All messages in a thread share one buffer. Messages that arrive while the agent is processing are batched into a single ACP turn at the next turn boundary.

Pros:

  • Lowest token cost — one context window serves N messages
  • Agent sees the full picture and can synthesize a single coherent response
  • Reduces "sorry I already answered that" noise from sequential turns

Cons:

  • Silent-drop risk: if Alice and Bob both message, the agent may only address Alice
  • Single response must cover all senders — harder for the agent to structure
  • Slight latency for messages 2..N (they wait for the current turn to finish)

per-lane

Each (thread, sender) pair gets its own buffer. Messages from the same sender batch together, but different senders get independent ACP turns.

Pros:

  • No silent-drop risk — every sender gets their own dedicated turn and response
  • Same-sender batching still reduces redundant context (rapid-fire messages consolidated)
  • Best for multi-agent collaboration (each bot gets its own turn)

Cons:

  • Higher token cost than per-thread (one turn per active sender per boundary)
  • Turns serialize through the shared session — sender B waits for sender A's turn to complete
  • More complex to reason about (ordering depends on arrival time)

Comparison Table

per-message per-thread per-lane
Token cost Highest (N turns) Lowest (1 turn) Medium (1 per sender)
Latency Zero Wait for turn boundary Wait for turn boundary
Silent-drop risk None Yes (multi-sender) None
Rapid-fire handling Each separate All batched Same-sender batched
Best for Single user, low traffic Cost-sensitive, single-reply Multi-user, multi-bot
Configuration None (default) Opt-in Opt-in

Decision Guide

Is this a single-user bot (1 human per thread)?
  → per-message (default, simplest)

Multiple humans in the same thread?
  ├─ Is it OK if the agent addresses everyone in one reply?
  │    → per-thread (cheapest)
  └─ Each person needs their own response?
       → per-lane (safest)

Multi-agent collaboration (bot-to-bot)?
  → per-lane (each bot gets its own turn)

Configuration

config.toml

[discord]
message_processing_mode = "per-lane"   # "per-message" | "per-thread" | "per-lane"
max_buffered_messages = 10             # per-thread mpsc capacity (batched modes only)
max_batch_tokens = 24000               # soft token cap per ACP turn (batched modes only)

Helm values

agents:
  kiro:
    discord:
      messageProcessingMode: "per-lane"
      maxBufferedMessages: 10
      maxBatchTokens: 24000

The same fields are available under slack: and gateway: sections.

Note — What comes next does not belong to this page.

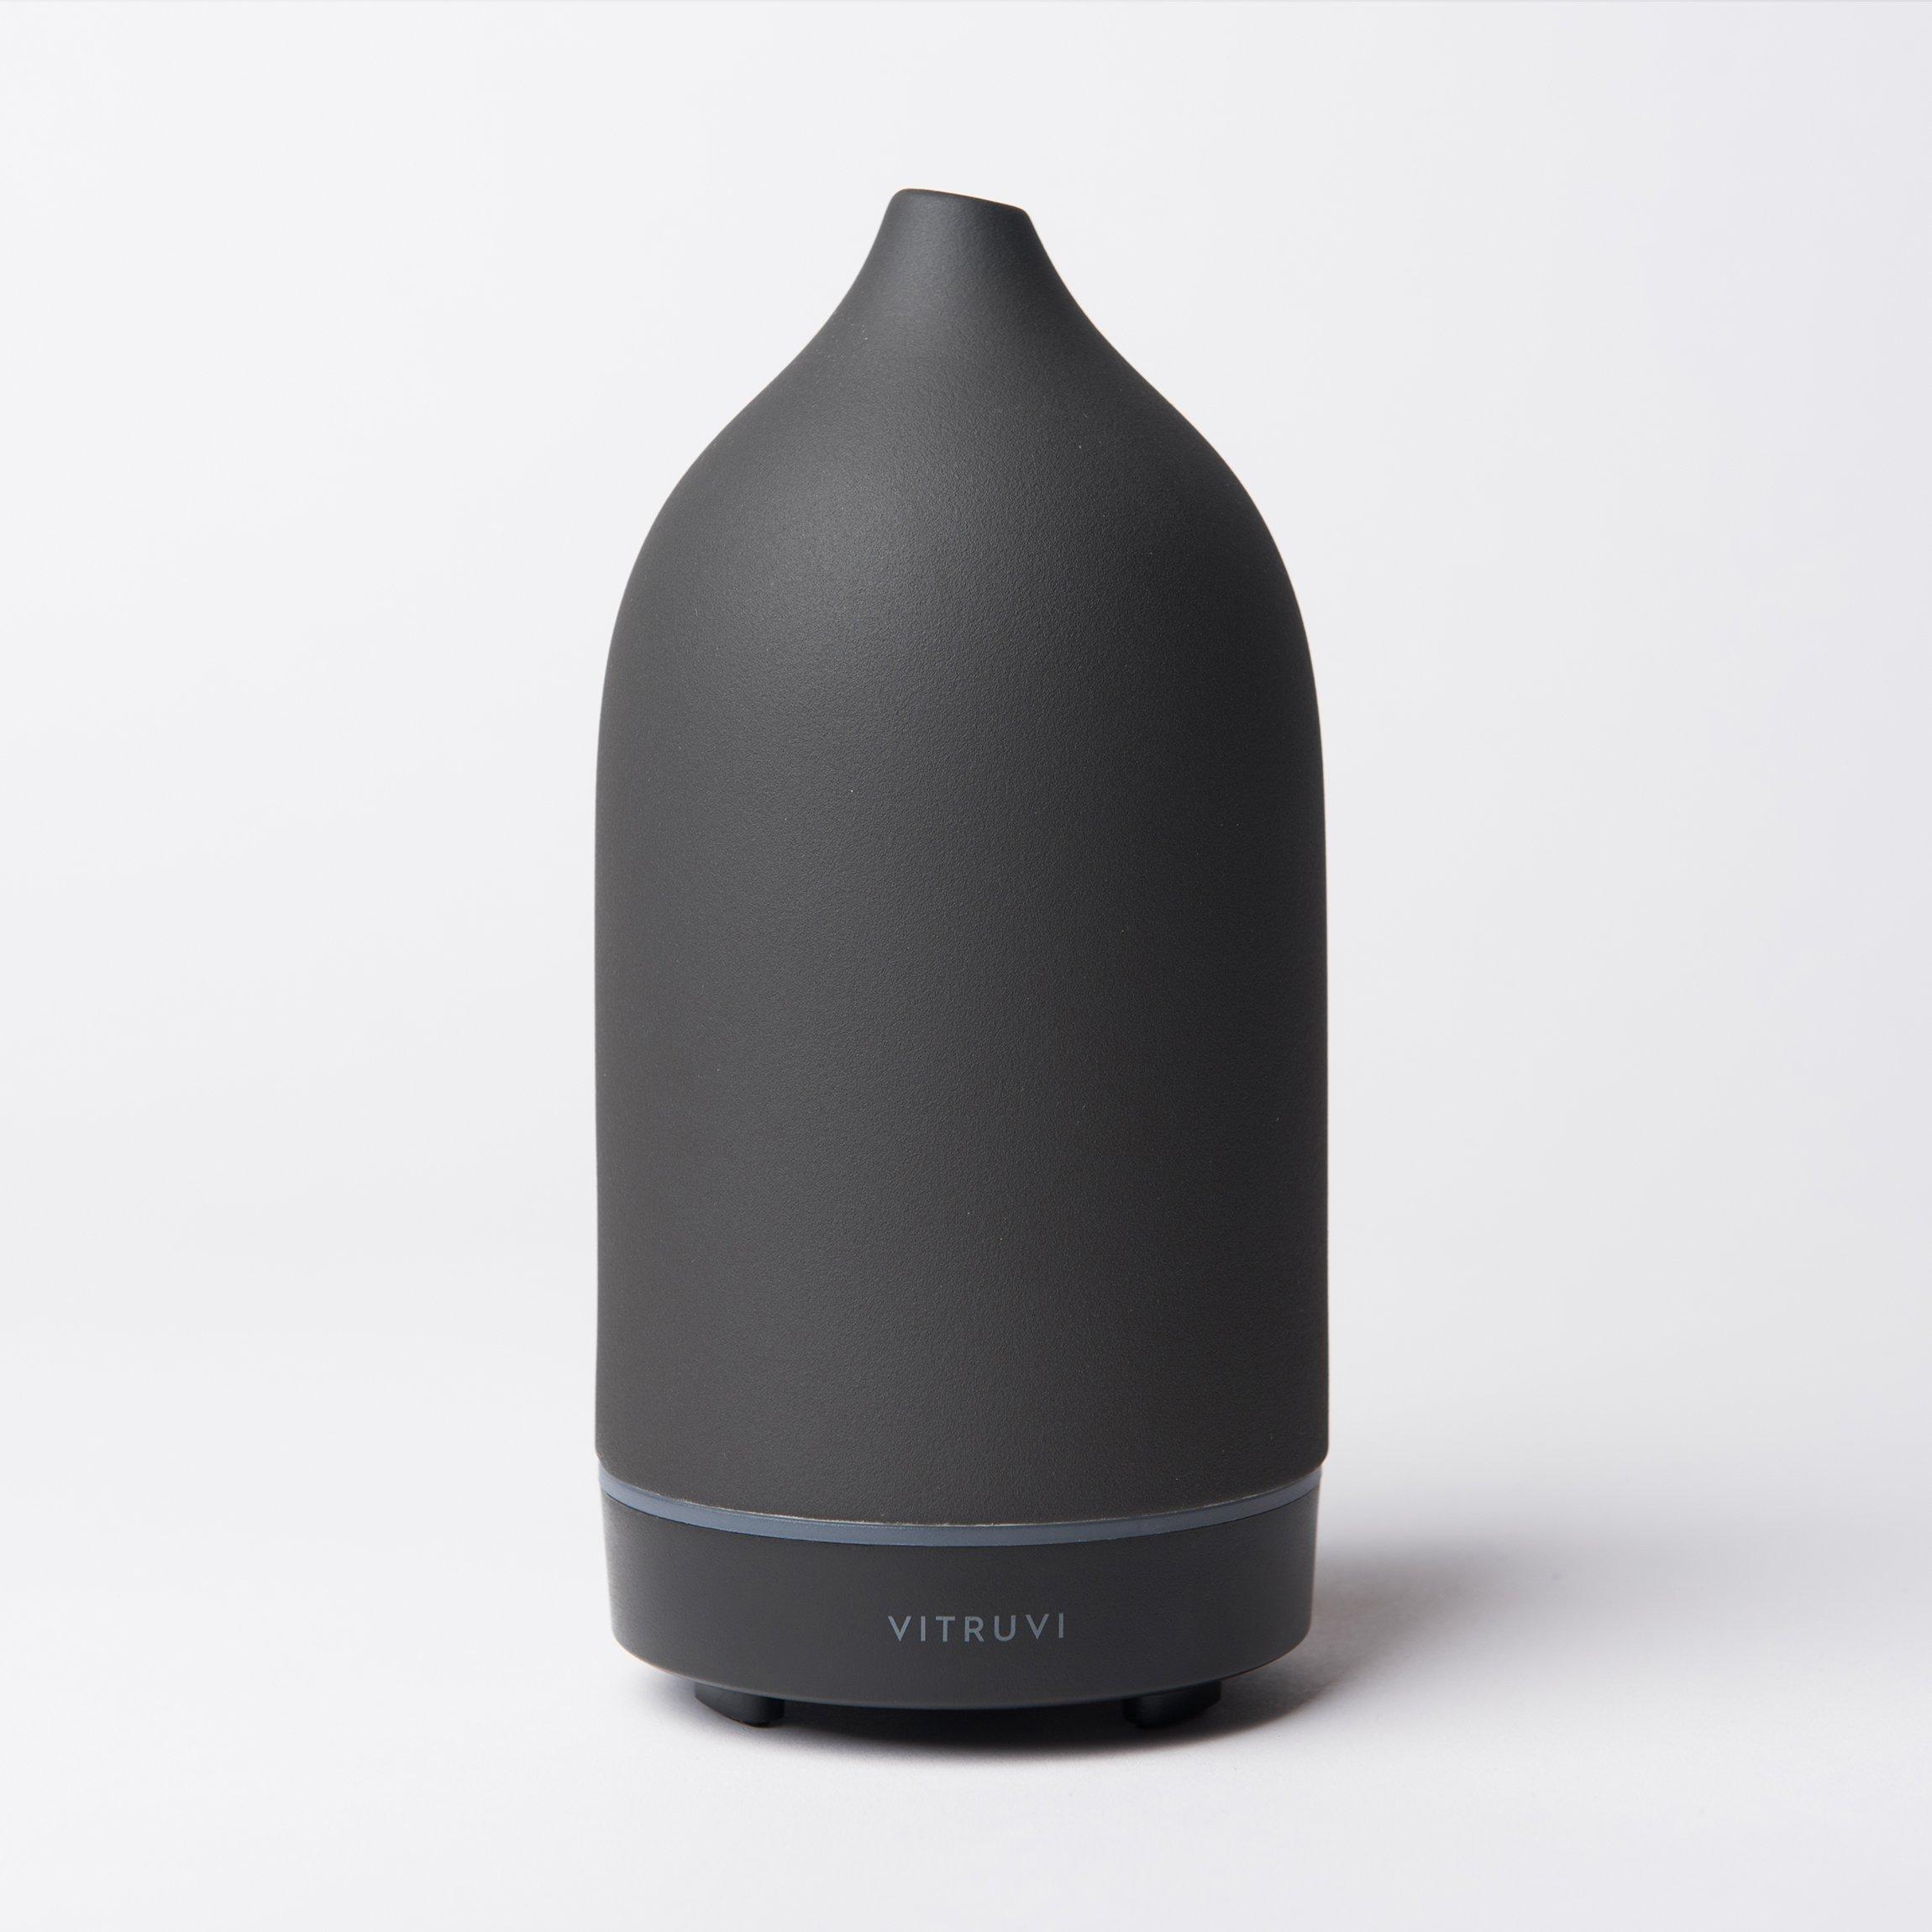 Vitruvi Stone Diffuser, Hand-Crafted Ultrasonic Essential oil Diffuser for Aromatherapy, Ceramic, Black, 100ml Capacity

How It Works — ASCII Diagrams

per-message (default)

Time ──────────────────────────────────────────────────────►

Alice: "hi"          Alice: "also this"       Bob: "hey"
   │                      │                      │
   ▼                      ▼                      ▼
┌──────────┐         ┌──────────┐          ┌──────────┐
│ ACP Turn │         │ ACP Turn │          │ ACP Turn │
│ (1 msg)  │         │ (1 msg)  │          │ (1 msg)  │
└────┬─────┘         └────┬─────┘          └────┬─────┘
     ▼                    ▼                      ▼
  Response 1           Response 2             Response 3

Each message = its own turn. Simple. 3 messages → 3 responses.

per-thread

Time ──────────────────────────────────────────────────────►

Alice: "hi"     Bob: "hey"   Alice: "also this"
   │               │              │
   ▼               │              │
┌──────────┐       │              │
│ ACP Turn │  (agent busy...)     │
│ (1 msg)  │       │              │
└────┬─────┘       ▼              ▼
     │         ┌────────────────────────┐
     ▼         │ Buffer (shared thread) │
  Response 1   │  → Bob: "hey"         │
               │  → Alice: "also this" │
               └───────────┬────────────┘
                           ▼  (turn boundary)
                    ┌──────────────┐
                    │  ACP Turn    │
                    │  (2 msgs     │
                    │   batched)   │
                    └──────┬───────┘
                           ▼
                      Response 2
                   (addresses both)

All senders share one buffer → one batched turn → one response.

per-lane

Time ──────────────────────────────────────────────────────►

Alice: "hi"     Bob: "hey"   Alice: "also this"
   │               │              │
   ▼               │              │
┌──────────┐       │              │
│ ACP Turn │  (agent busy...)     │
│ (Alice)  │       │              │
└────┬─────┘       ▼              ▼
     │      ┌─────────────┐  ┌──────────────────┐
     ▼      │ Bob's lane  │  │ Alice's lane     │
Response 1  │ → "hey"     │  │ → "also this"    │
            └──────┬──────┘  └────────┬─────────┘
                   ▼                  │
            ┌──────────────┐          │  (waits for Bob's turn)
            │  ACP Turn    │          │
            │  (Bob, 1msg) │          │
            └──────┬───────┘          │
                   ▼                  ▼
              Response 2       ┌──────────────┐
              (for Bob)        │  ACP Turn    │
                               │  (Alice,1msg)│
                               └──────┬───────┘
                                      ▼
                                 Response 3
                                 (for Alice)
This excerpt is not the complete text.